Regarding the pernicious mental effects of social media, meanwhile, the White House stressed that online platforms should “be required to prioritise and ensure the health, safety and well-being of children and young people above profit and revenue”.

Which brings us to the following conundrum: The capitalist system to which the US government is inextricably wedded not only prioritises profit over human health and wellbeing, it actively thrives on the extraction of corporate revenue from human malaise and torment. Just ask the pharmaceutical industry.

The formula is simple.

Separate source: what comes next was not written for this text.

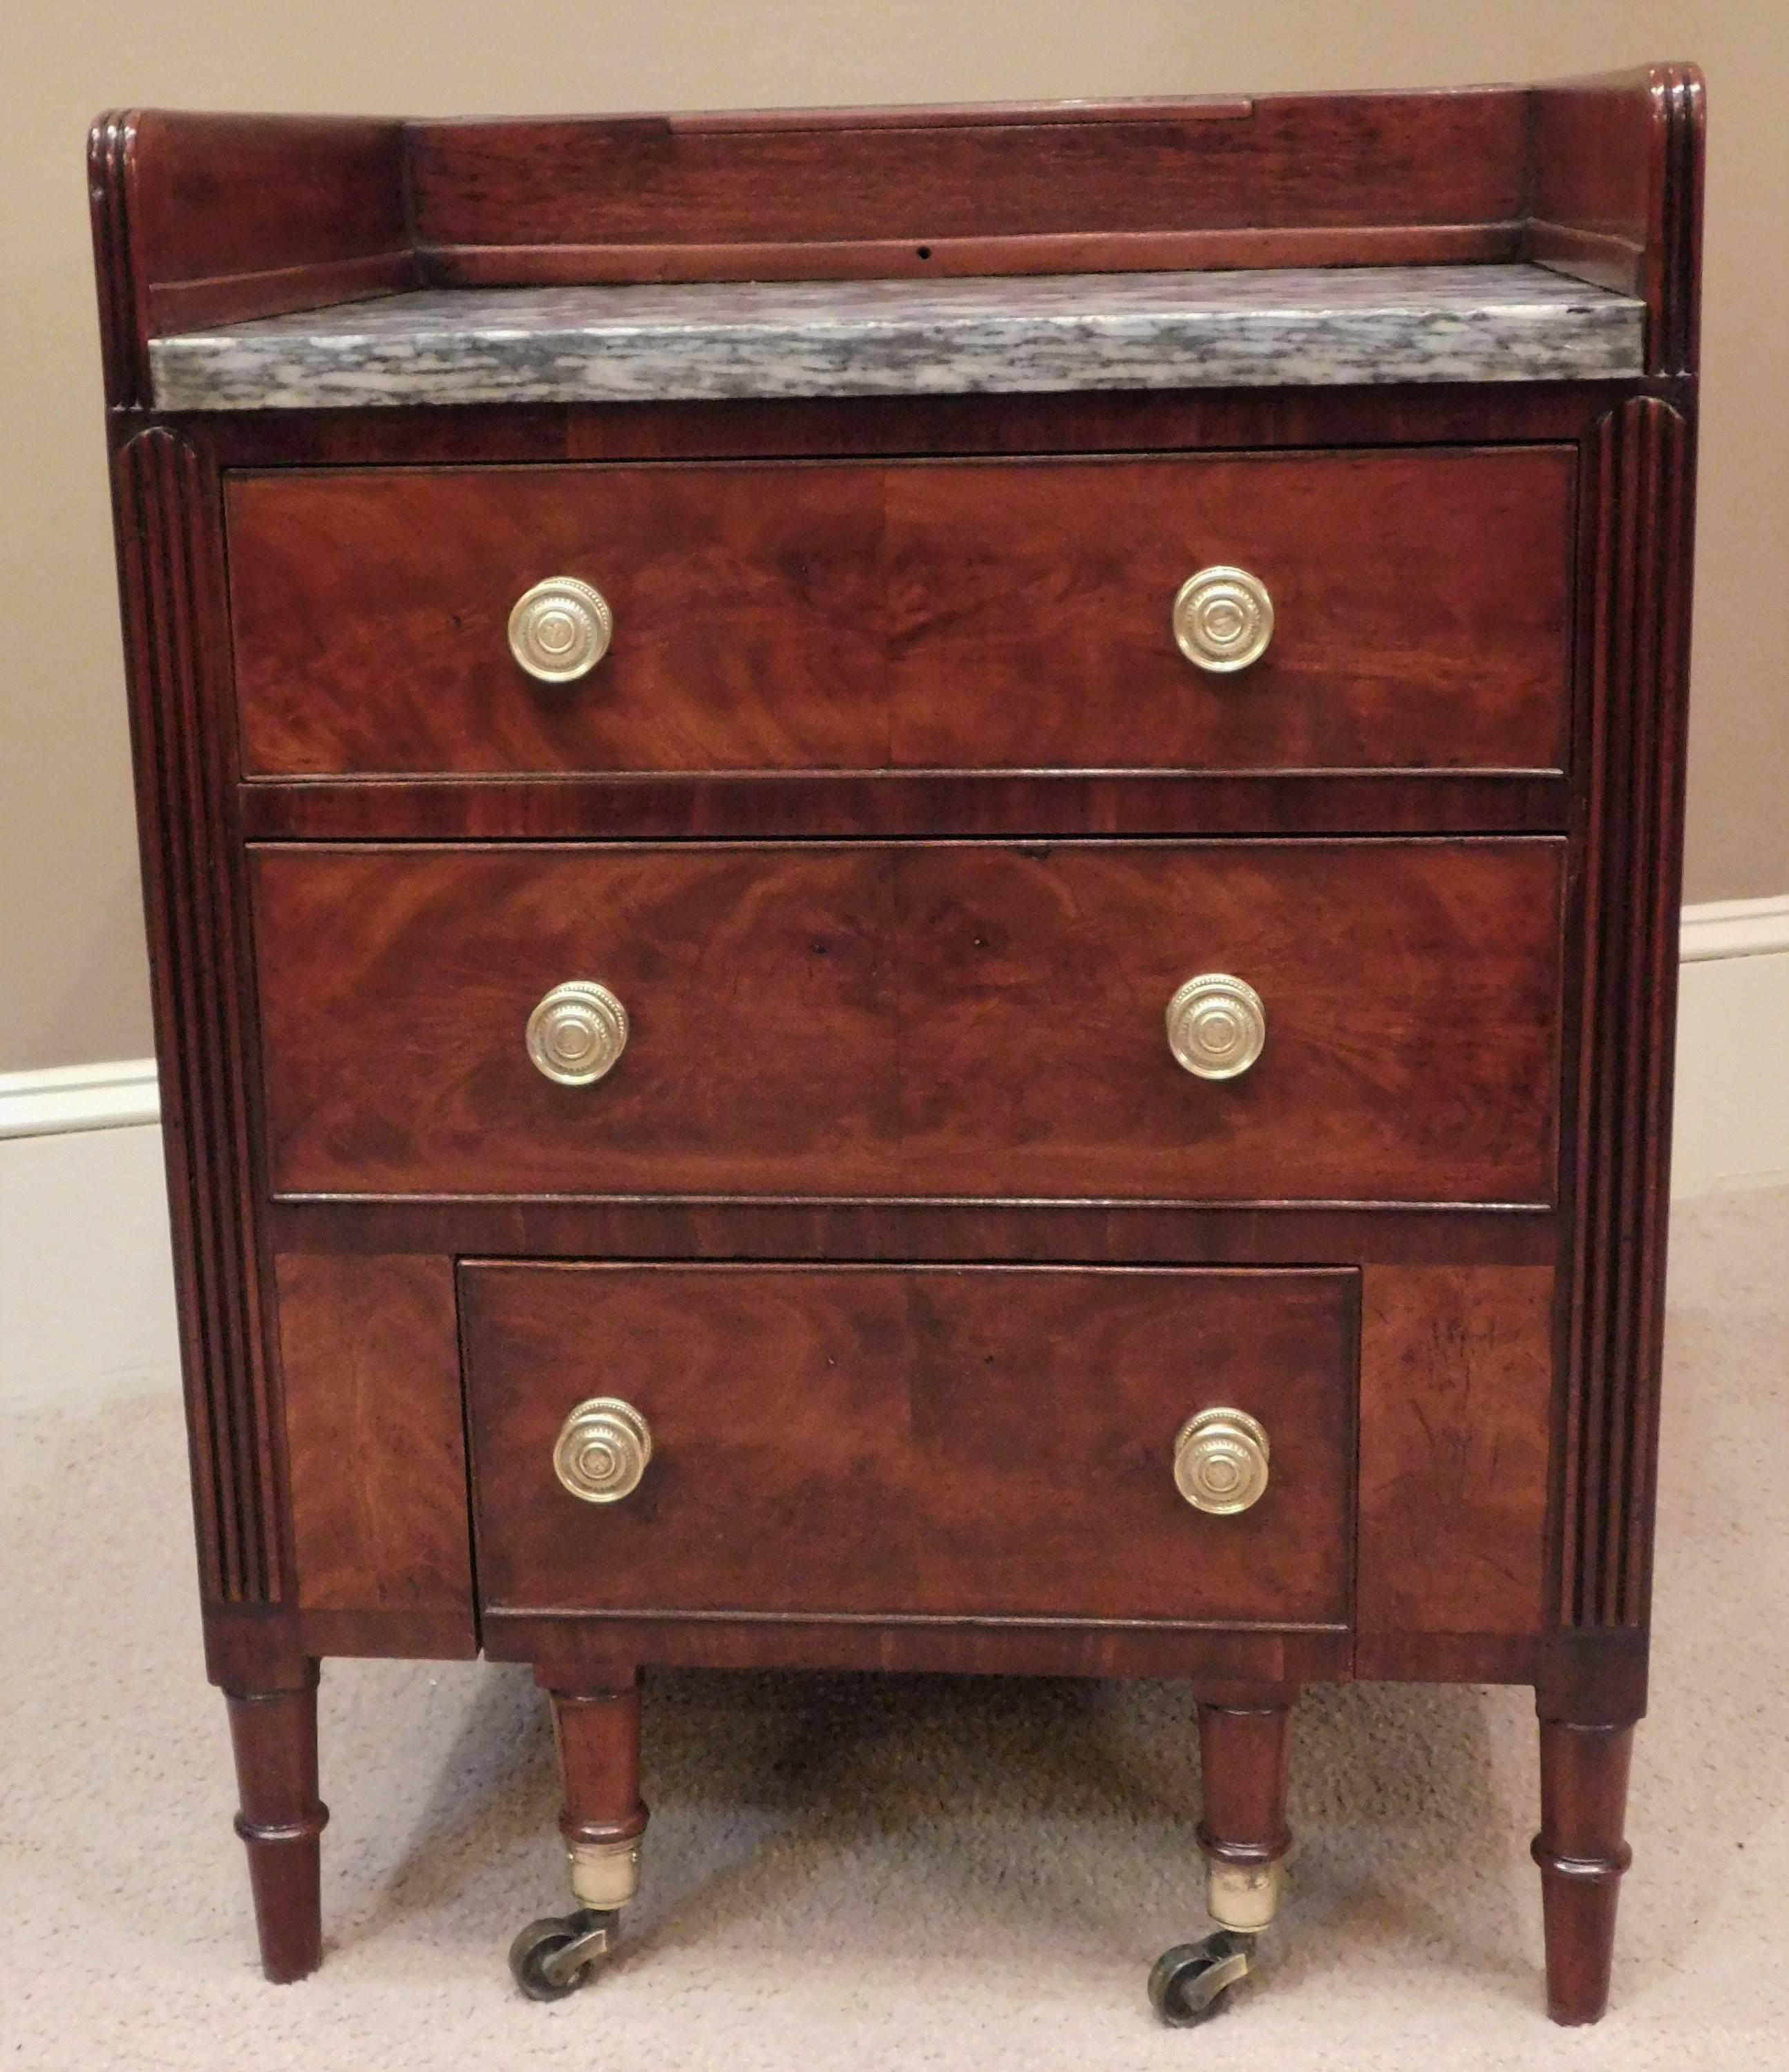 This wash stand and commode has its original French polished mahogany and figured mahogany veneer with poplar secondary wood, removable King of Prussia marble top, old replaced brass pulls, and original castors and potty. Raised reeded gallery with

Neoliberalism breeds psychological distress by working to obliterate solidarity, the very essence of humanity, while converting the right to physical and mental health care into an exclusive and costly endeavour – an arrangement that only aggravates mental health stressors for those of lesser socioeconomic means.

This is not to say that rich people don’t struggle with psychiatric disorders. Various studies have found that CEOs are disproportionately likely to be psychopaths.

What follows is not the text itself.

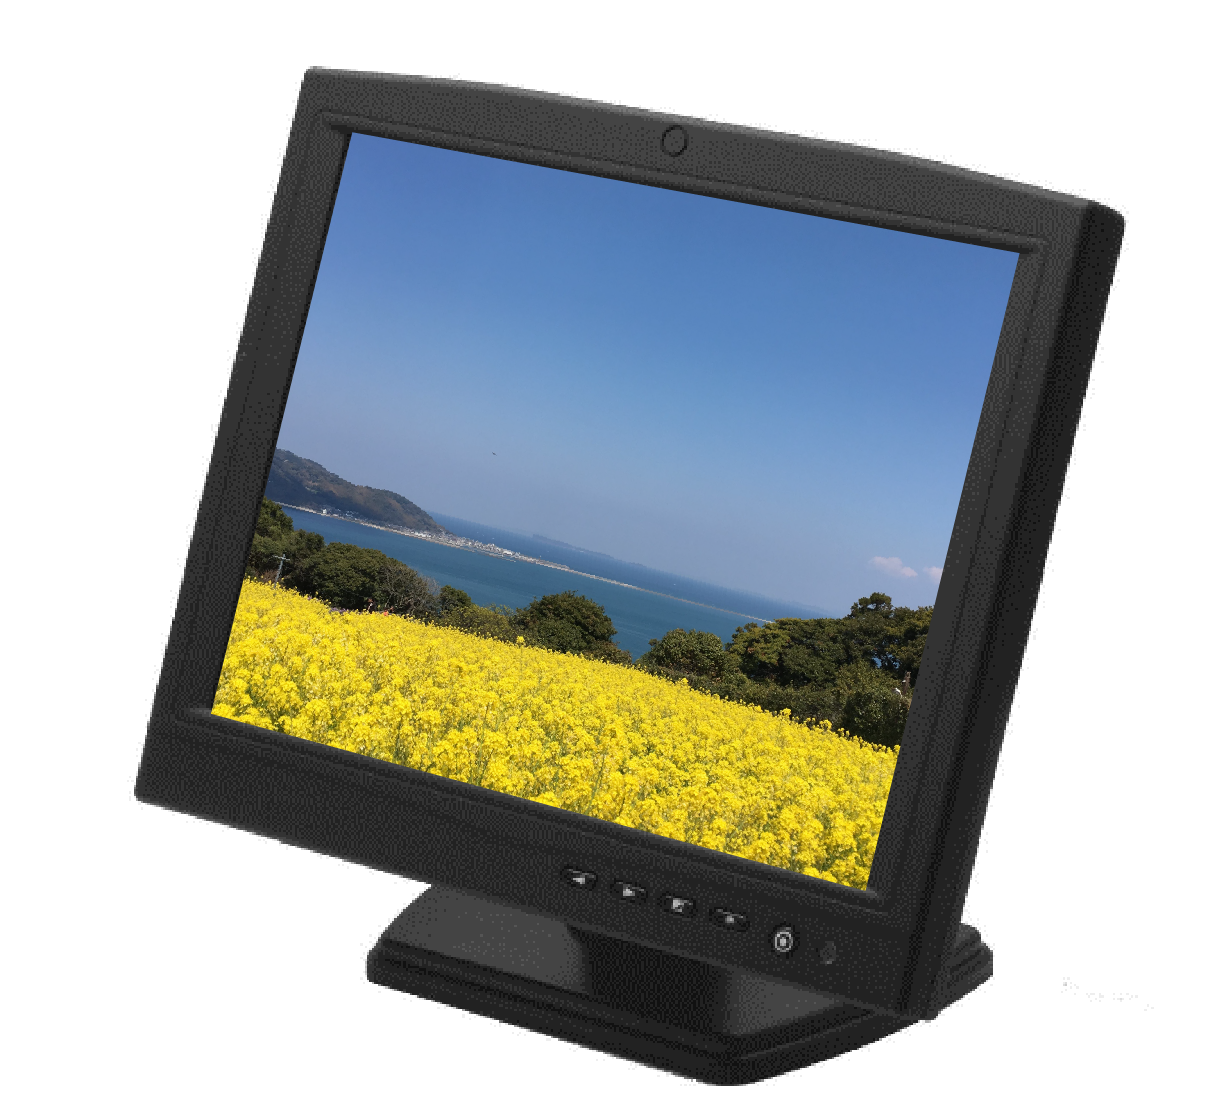 SEF104C-L-PCT is an industrial touch monitor which can be used to any kinds of vehicles.

And while depression, anxiety and despair are completely rational reactions to an inhuman environment – and a world that capitalism is rapidly propelling towards ecological annihilation – US drug companies have pushed pathologising psychological turmoil as an individual defect rather than a result of societal context.

Relatedly, the arms industry, another pillar of US capitalism, perpetuates its own vicious cycle of lucrative catastrophe, devastating communities at home and abroad as it wages war on human empathy.

In a 2021 peer-reviewed research paper, Baltimore-based psychiatrist Anna Zeira wrote about the disturbing mental health repercussions of neoliberal capitalism in the US, characterised by severe inequality and the “disempowerment of workers”. She noted that recent years have witnessed “dramatic rises” in suicides as well as deaths from alcoholism and drug overdoses. Indeed, between 1991 and 2017, there was a 73 percent increase in suicide attempts among Black adolescents.

Zeira recalled how Black men demanding racial justice during the Civil Rights era were described by certain American doctors as “delusional and paranoid”. Her point: People upset by the “status quo” are often “labeled as mentally ill”.

This October 10, as capitalism proceeds to wreak havoc on mental health across the US and beyond, it’s critical to acknowledge that the status quo is not only abnormal, it’s downright sick.

The views expressed in this article are the author’s own and do not necessarily reflect Al Jazeera’s editorial stance.